I will then have 30 days (should I so wish) to notify the First-tier Tribunal that I wish to have the matter determined by them (section 49G(2), (5)(a)). (If I apply to the Tribunal out of time, I might still be able to have the case heard but I would then have to ask the Tribunal's permission first. It is best not to go down that route if I can at all avoid it.)
When I hear any more, I shall let readers know.
Sharkey v Wernher - was Parliament misled?
28 February 2011
I was dissatisfied with the February response as it did not address the question (or deliberately side-stepped it). So, through my local MP, I made a further complaint in March 2010.

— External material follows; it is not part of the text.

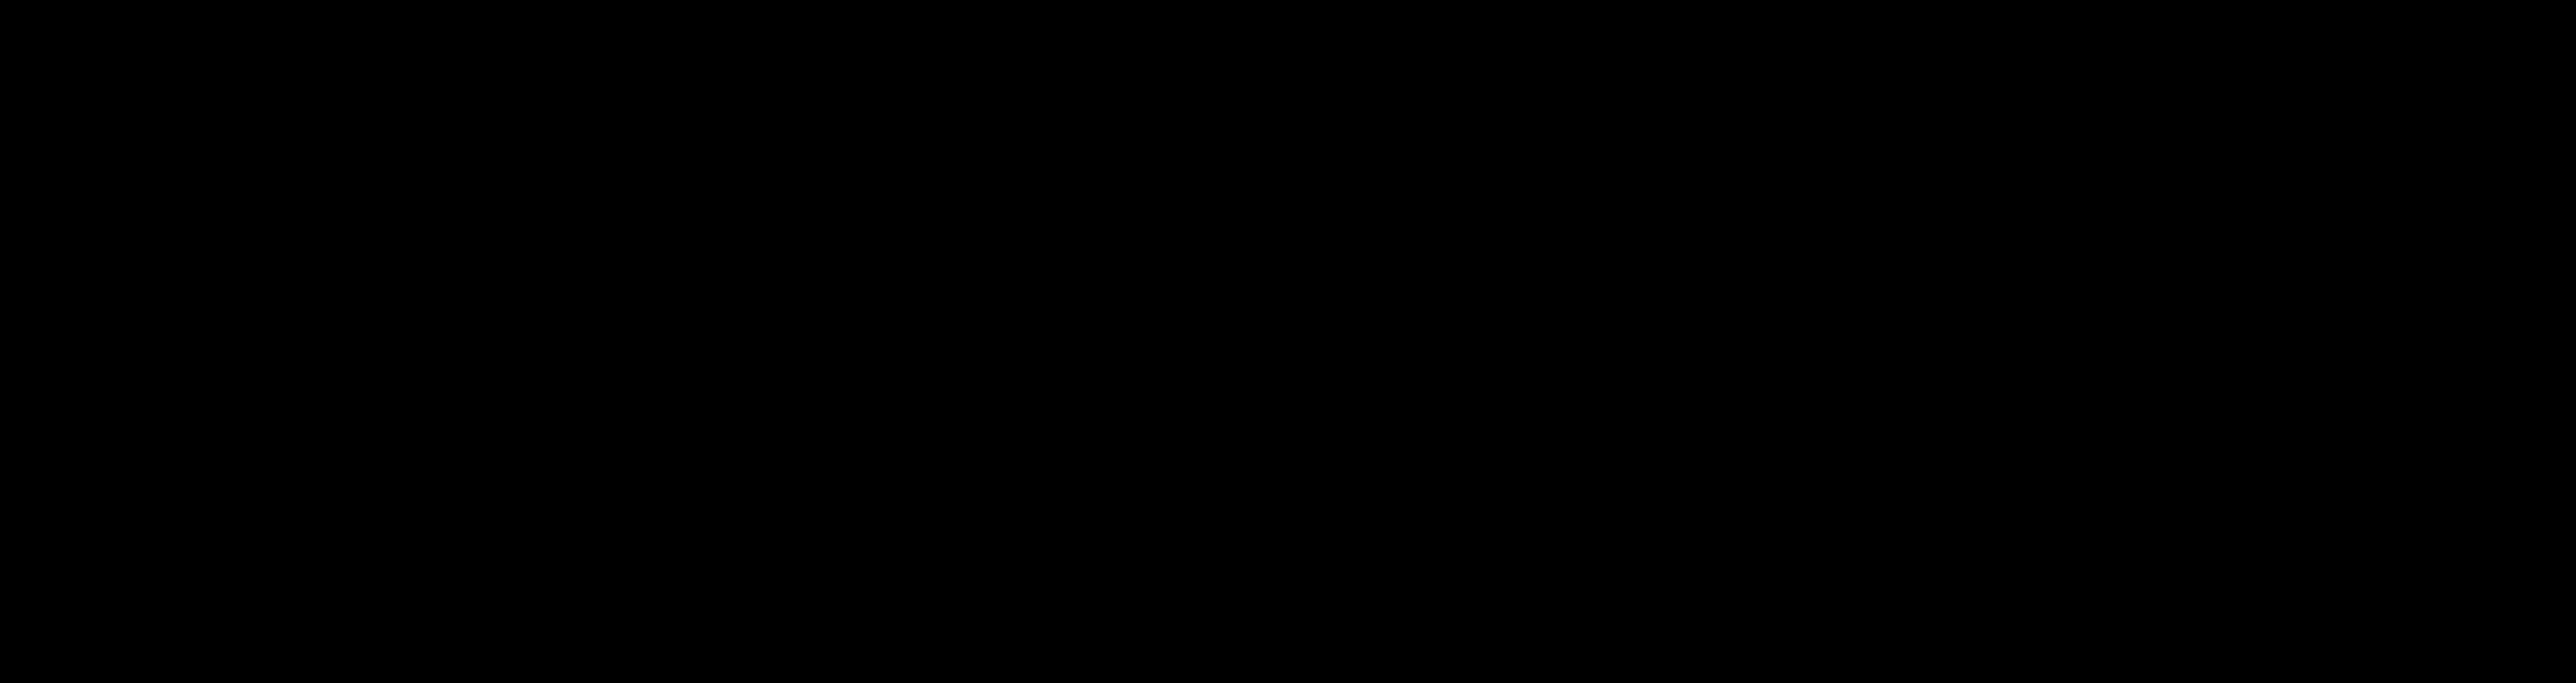 Marriott international Logos.

In June 2010, I received a letter from my MP advising me that my complaint had been dealt with. As I had not received anything from the Treasury, I enquired as to how the matter had been dealt with. It transpired that the alleged response to my March 2010 complaint was the February 2010 about which my March 2010 letter was complaining. I was getting the feeling that the Treasury were trying to avoid addressing the matter. So I pressed them further.
In October 2010, I received a letter via my MP from the Permanent Secretary at the Treasury. He claimed that if Parliament was given the wrong information, it was at least "not materially misled". Personally, I am not sure whether that was an admission that Parliament was misled to a lesser extent. However, once again, the justifications did not stack up when looked at with the facts. So I pressed again.
No response by 28 February 2011, despite a chaser letter earlier in the month.
5 February 2010
The Treasury has responded to me. They say that Parliament was not misled. However, they fail to explain why the Minister claimed (wrongly) that the rules had been requested by trade associations and the legal and accountancy professions. See http://www.publications.parliament.uk/pa/cm200708/cmpublic/finance/080520/am/80520s04.htm, column 311.
13 January 2010
A brief background: I am concerned that Parliament was misled during the committee stages of the Finance Act 2008 when the rule in Sharkey v Wernher was legislated.
Eventually, I made a formal complaint on 22 February 2009. That and a chaser in March were ignored. In April 2009, I asked the Treasury (under the Freedom of Information Act) how many other such complaints have been ignored. That request at least generated a response: I was told that my 22 February letter would be responded to "shortly".
Well today, I have been given an assurance that the response will be with me by 5 February 2010 - a mere 49 weeks after my complaint was made.